🤖 AI Summary
Existing latent world models suffer from coupled perception reconstruction and planning tasks, limiting planning performance. This paper proposes a planning-oriented latent world modeling paradigm: (1) hierarchical planning decomposition decouples representation learning from decision-making; (2) a local-perception interactive iterative optimization mechanism enhances policy robustness; and (3) we introduce Group Relative Policy Optimization (GRPO), the first algorithm enabling trajectory Gaussianization modeling and collision-aware reward-driven reinforcement fine-tuning. The method integrates vision-geometry foundation models with latent-space temporal self-supervised modeling. On nuScenes open-loop evaluation, collision rate drops by 83% (from 0.30% to 0.05%). In NavSim closed-loop testing—using monocular camera input only—our approach achieves 87.8 PDMS, matching the LiDAR-based SOTA method DiffusionDrive (88.1).
📝 Abstract
Latent World Models enhance scene representation through temporal self-supervised learning, presenting a perception annotation-free paradigm for end-to-end autonomous driving. However, the reconstruction-oriented representation learning tangles perception with planning tasks, leading to suboptimal optimization for planning. To address this challenge, we propose WorldRFT, a planning-oriented latent world model framework that aligns scene representation learning with planning via a hierarchical planning decomposition and local-aware interactive refinement mechanism, augmented by reinforcement learning fine-tuning (RFT) to enhance safety-critical policy performance. Specifically, WorldRFT integrates a vision-geometry foundation model to improve 3D spatial awareness, employs hierarchical planning task decomposition to guide representation optimization, and utilizes local-aware iterative refinement to derive a planning-oriented driving policy.

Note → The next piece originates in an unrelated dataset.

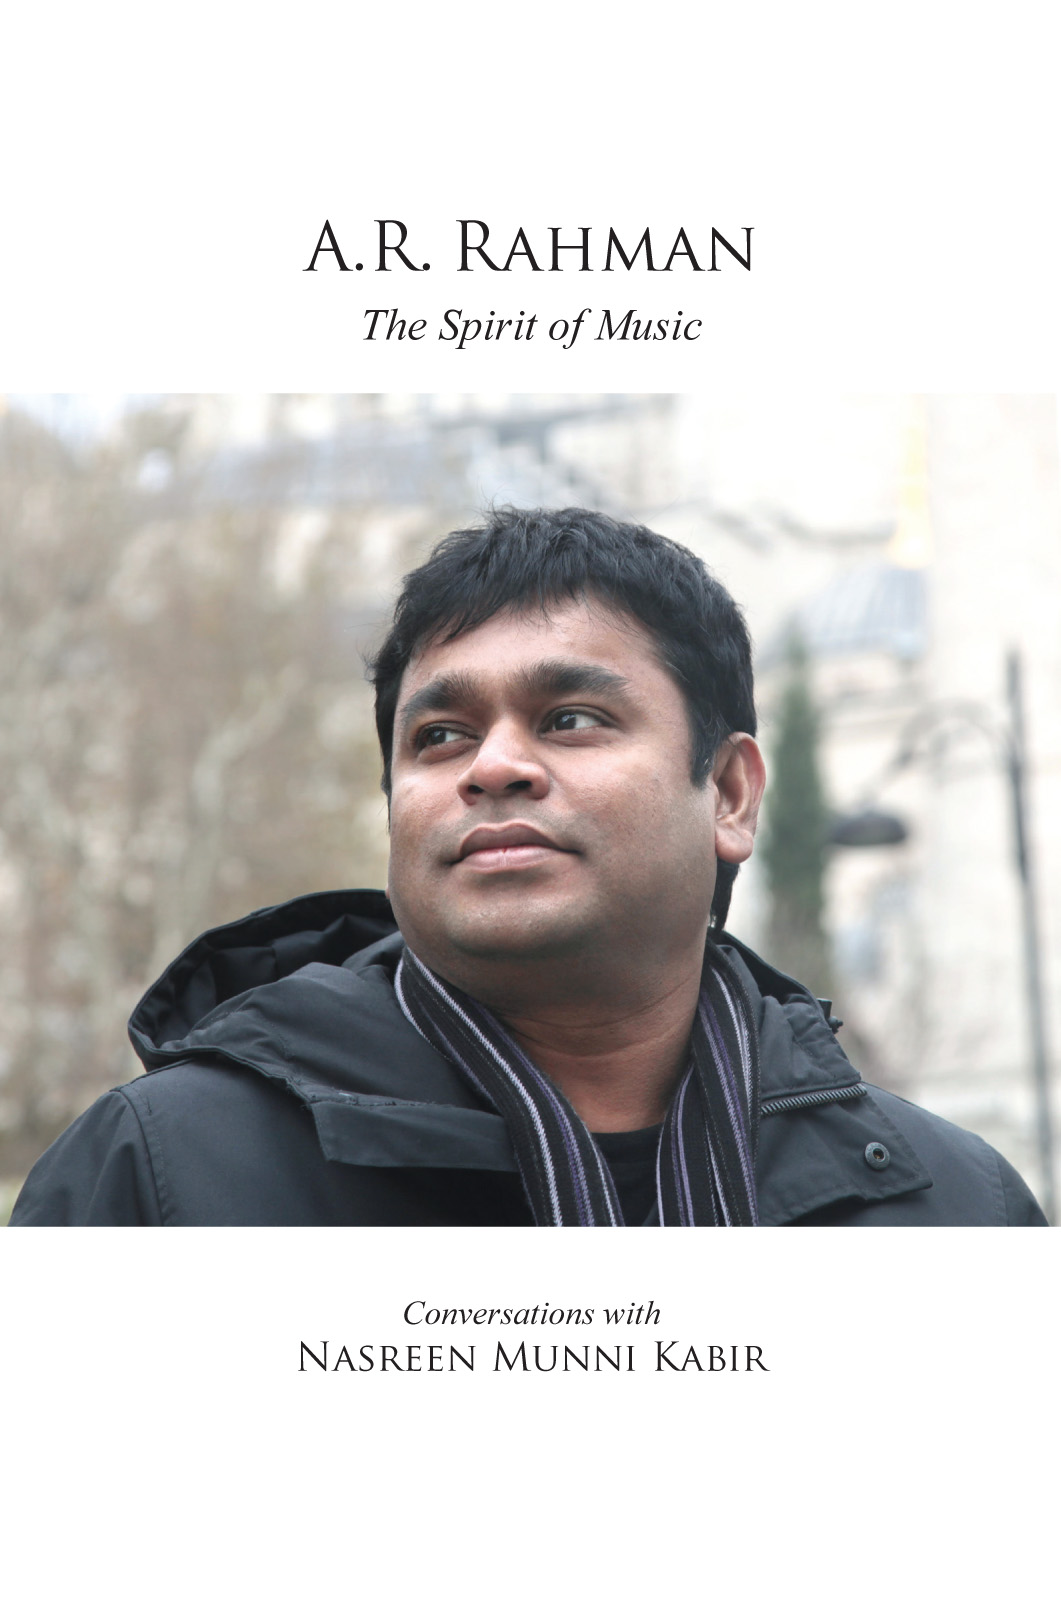 The Spirit of Music book launch | Picture 38155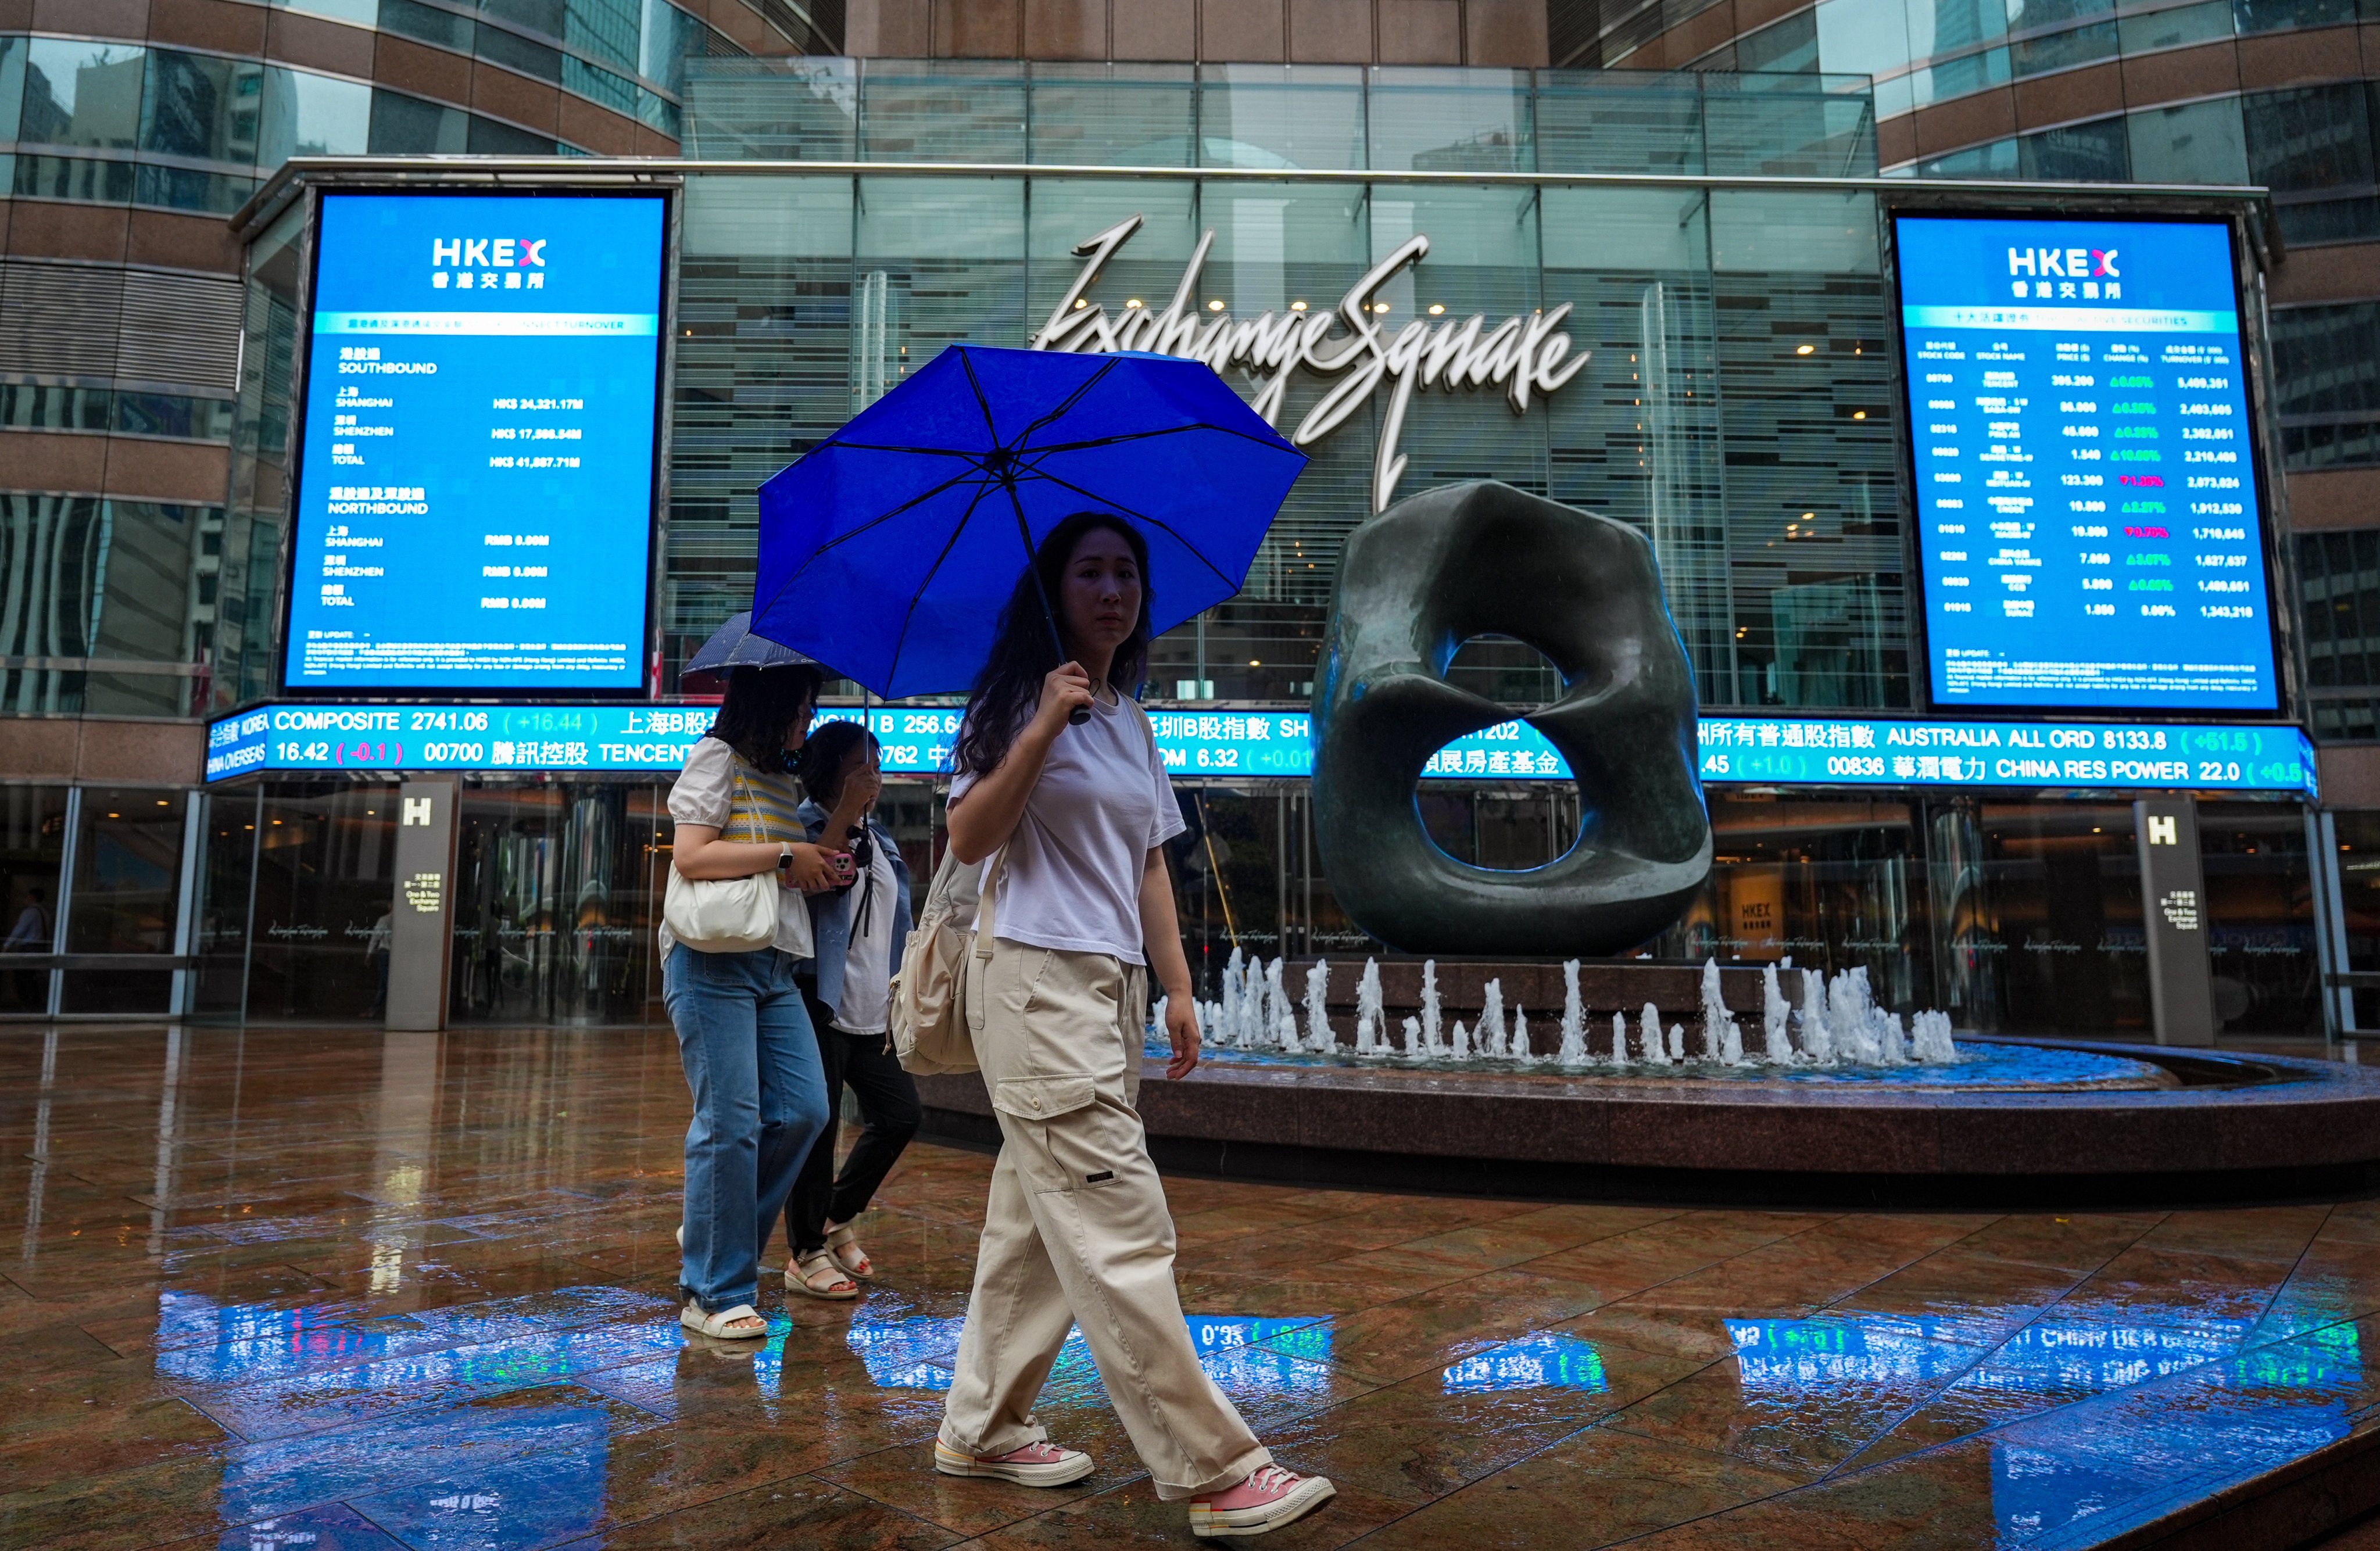 Pedestrians walk past Exchange Square in Central amid rainy and gusty conditions. Photo: Eugene Lee

Furthermore, we introduce Group Relative Policy Optimization (GRPO), which applies trajectory Gaussianization and collision-aware rewards to fine-tune the driving policy, yielding systematic improvements in safety. WorldRFT achieves state-of-the-art (SOTA) performance on both open-loop nuScenes and closed-loop NavSim benchmarks. On nuScenes, it reduces collision rates by 83% (0.30% -> 0.05%). On NavSim, using camera-only sensors input, it attains competitive performance with the LiDAR-based SOTA method DiffusionDrive (87.8 vs. 88.1 PDMS).